My dearest museums in Amsterdam
I have long been convinced that the main purpose that compels us to visit a museum may not necessarily be only because of impressive archives or exciting new exhibitions. The magnificence of being in a museum can also be felt by just admiring the architecture of their buildings. I am sure that many of you, just like me, can easily agree that this is just enough to marvel yourselves when taking this cultural adventure.
There are around 75 museums in Amsterdam. Most of them not only carry stunning master pieces but also make the visit worthwhile when contemplating their historical relevance and beauty of construction. The cafés that invite us to stay in for hours and souvenir shops offering unique gifts are also worth mentioning.
I put a short list together of my favourite museums in Amsterdam that certainly cater to different tastes. I have been to some of them countless times. When I love a museum, no matter how many times I go: it seems that on every new occasion a whole different perspective rises in my mind.
Rijksmuseum: I have always considered it to be the most fantastic museum in the Netherlands. The whole concept comes perfectly together: the building has an imposing and fortunate combination of gothic and renaissance elements; it carries 800 years of Dutch art and history from the Middle Ages to Mondrian - including masterworks such as Rembrandt's "The Night Watch"; an outside wonderful garden blossoms with temporary exhibitions during summer time; the Library is a book lovers' paradise and a lovely passageway connects the two halves of the atrium, with glass panels revealing the museum's grand interior. The gift shop and the Michelin-Star restaurant wrap up the whole experience. P.S.: spare time to appreciate the breathtaking porcelain collection on the ground floor. Adult entrance costs €20.
Hermitage: it is the local brother of the Russian museum and is located on the banks of the Amstel River in the colossal building known as Amstelhof (from 1681 until 2007 the property functioned as a house for the elderly). Power, glory, extravagance and luxury can describe some of its temporary exhibitions mostly dedicated to Russian history and culture. Some rooms reveal unique interior designs that always lead me to picture a fancy atmosphere of balls and Royal celebrations. If the local branch has only a glimpse of the whole opulence held by the Russian museum, I cannot help but wonder what we could expect to see in St Petersburg! The price for the whole museum is €25.

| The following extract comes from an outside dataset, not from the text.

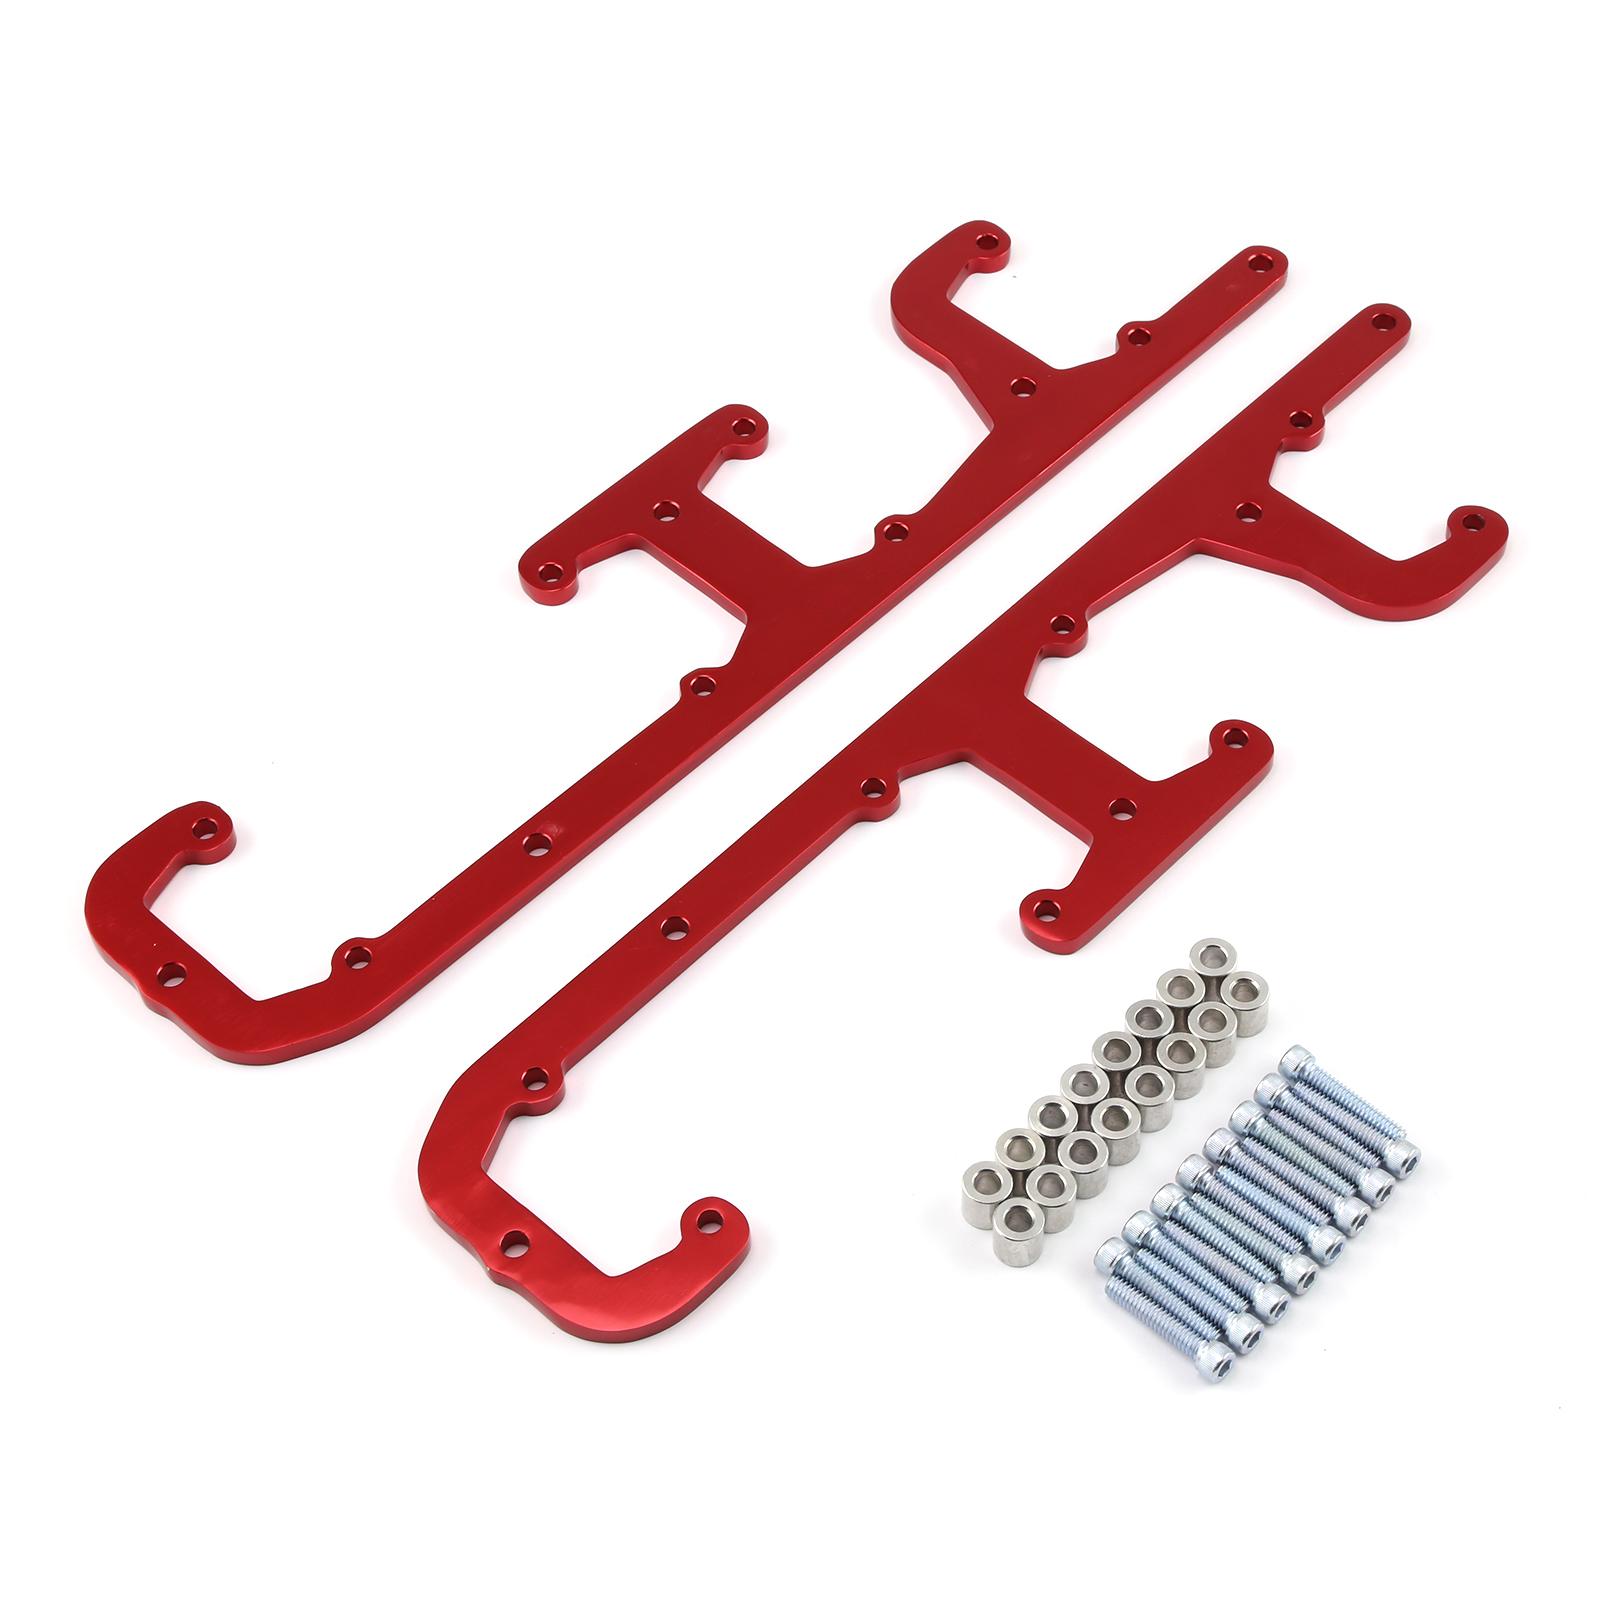 LS Series Red Billet Aluminum Coil Pack Bracket Kit with Hardware

Van Gogh: This is quite likely the gateway where art enthusiasts and tourists usually enter when journeying through the excellent choice of museums in Amsterdam. The whole place pays hommage to the life and work of the Dutch master of Impressionism: Van Gogh’s largest collection of artworks are beautifully curated on all floors. Visitors can see not only his acclaimed oeuvres d’art but also significant archives from which Van Gogh took inspiration. He was very fond of Japanese art and thus he dedicated himself to study it while absorbing spectacular influences in his paintings. Some of the Oriental prints recorded by Van Gogh are on exhibition and indulge our eyes to contemplate the museum's colourful and powerful beauty even more. Each adult ticket costs €20.
Stadsarchief: it is the largest city archive in the world! What impresses me the most, however, is the permanent exhibition "Treasure Room" showcased in a former bank vault. These precious archives were transferred in 2007 to this imposing and beautiful art deco building known as "De Bazel" in the Centre of Amsterdam surrounded by delightful canals. Built in 1926, the property was originally the headquarters of the Dutch Trading Company and later the ABN AMRO bank. It costs an average of €7,50 for adults’ tickets while some exhibitions have free entry.
TropenMuseum: it is one of the largest anthropology and ethnography museums in the Netherlands. Out of the amazing collections about worldwide cultures, my favourite one is dedicated to the Southeast of Asia and to universal themes that connect people all over the world: gender and identity, discrimination and marks of slavery, love and resilience, celebration and conflict. The Tropenmuseum is housed in an important historical building whose inauguration in 1926 included the noble witness of the former Queen Whilelmina. Adult entrance costs €15.
Amsterdam Museum: it is perhaps one of the museums most full of civic pride that I've ever been to! The entire place is dedicated to the history, the development, the wisdom and wealth of Amsterdam. It also highlights creativity, free-thinking and entrepreneurship of which the city's citizens are proud to carry - not to mention the open approach on drug use. Visitors will dive into Amsterdam's DNA on a pleasant journey through paintings, videos, maps and many more artefacts. As the museum smartly curates digital and modern interactions, children and teenagers will hardly feel bored. Curious fact: the building used to house the City Orphanage during Middle Ages. Adults tickets cost €15.
***Museumkaart: if you live in the Netherlands, I would recommend applying for this friendly annual-fee card which grants access to hundreds of museums in the country. Prices from €32 to €64.